Pete finished drying off and hung up the towel again. "What does she need with a cowboy, if she's only taking a bunch of pictures?"

"She'll be setting things up, moving furniture around. I want someone to do the heavy lifting."

"I can spare one of the stable hands for that. They're fine about doing whatever jobs they're given, even ones not in their job description." He forced a laugh. "Since moving furniture's not in mine, either, I'm sure you don't want your foreman—"

"I do want my foreman on this job."

"Speaking of jobs, I'd better get going." And get the heck out of here before I say something I shouldn't. "There's a lot of territory to cover this morning." He crossed the barn to take a set of reins from their hook. "It's June, Jed. I don't need to tell you how busy that makes us around here."

"And I'll tell you this, flat-out straight the way I always do. I want someone I can trust to be alone with my granddaughter."

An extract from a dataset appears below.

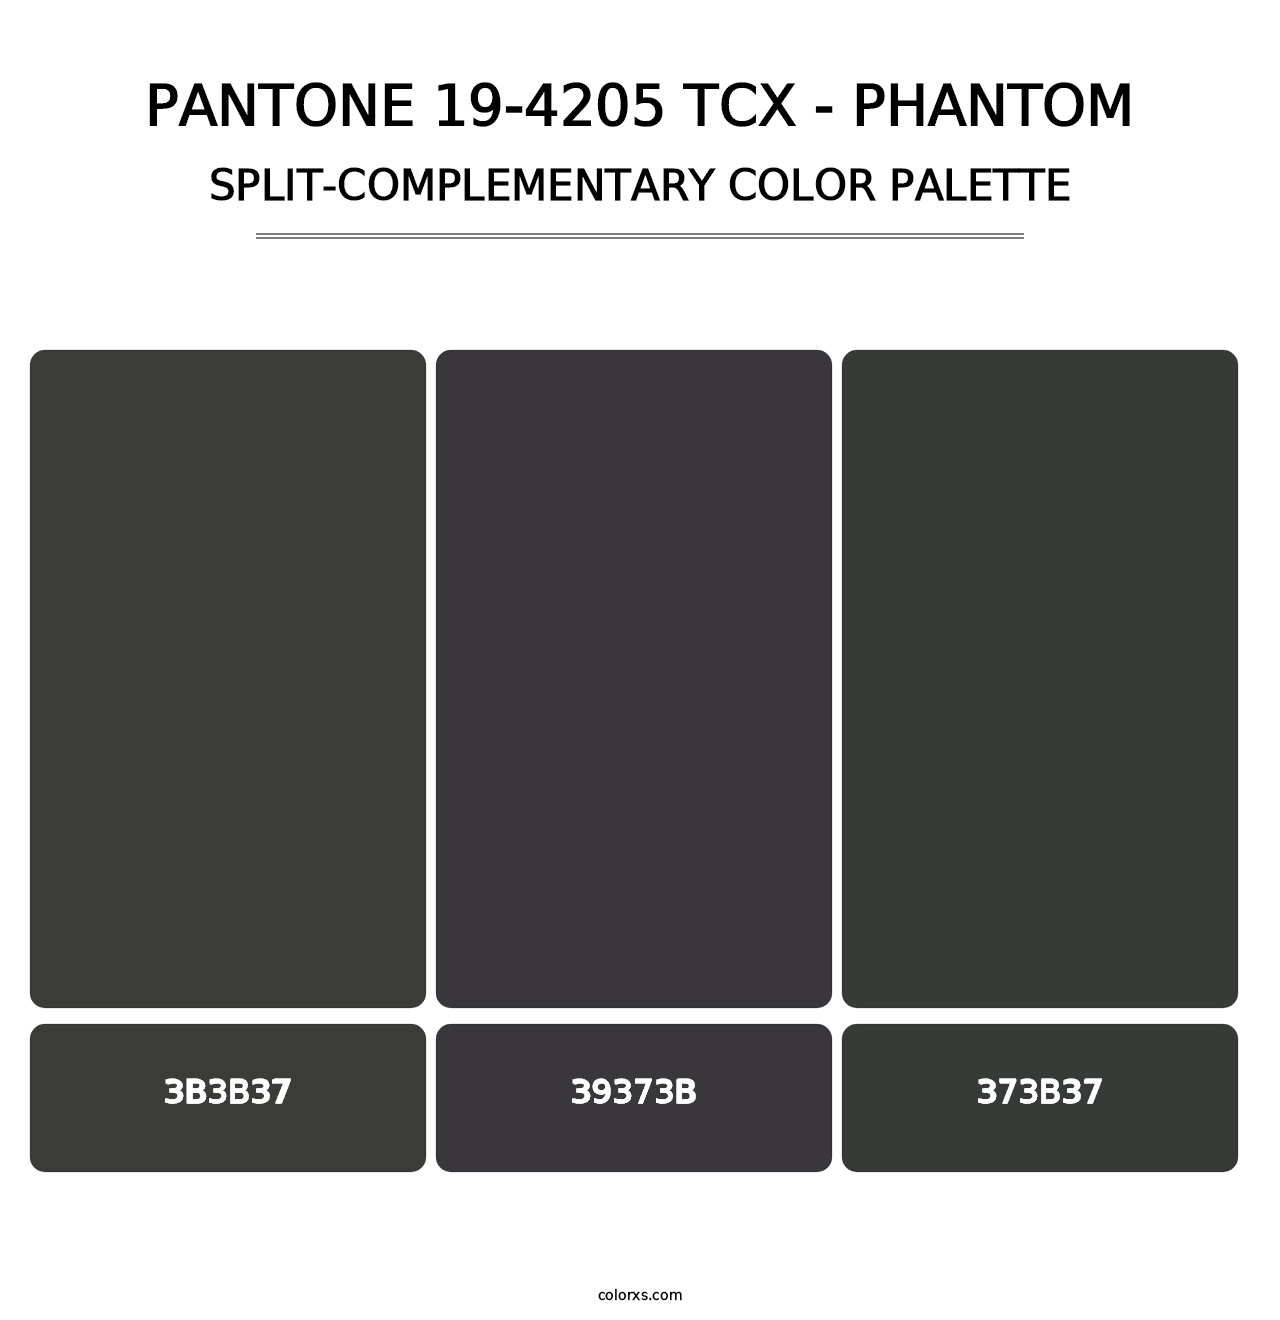 PANTONE 19-4205 TCX - Phantom - Split-Complementary Color Palette

Eyebrows raised, Pete turned back. From the stories Cole had told him about Jane, a New Yorker who traveled all over the world for her job, he couldn't think of any woman more able to handle herself. Which meant…

"I'm not saying anything against the boys," Jed continued as if he'd read his manager's mind. "I trust every one of 'em. But there's no one I have more faith in than you."

"I appreciate the vote of confidence, boss." He swallowed hard. "But—"

"And as I recall," Jed interrupted heavily, "when it comes to job descriptions, the two of us don't much stick to formalities between us, do we?"

"No, we don't," he agreed, knowing those words had just sealed his fate.

He owed the boss for providing everything he needed to take care of his kids.

And now, all too plainly, the man had called in his debt.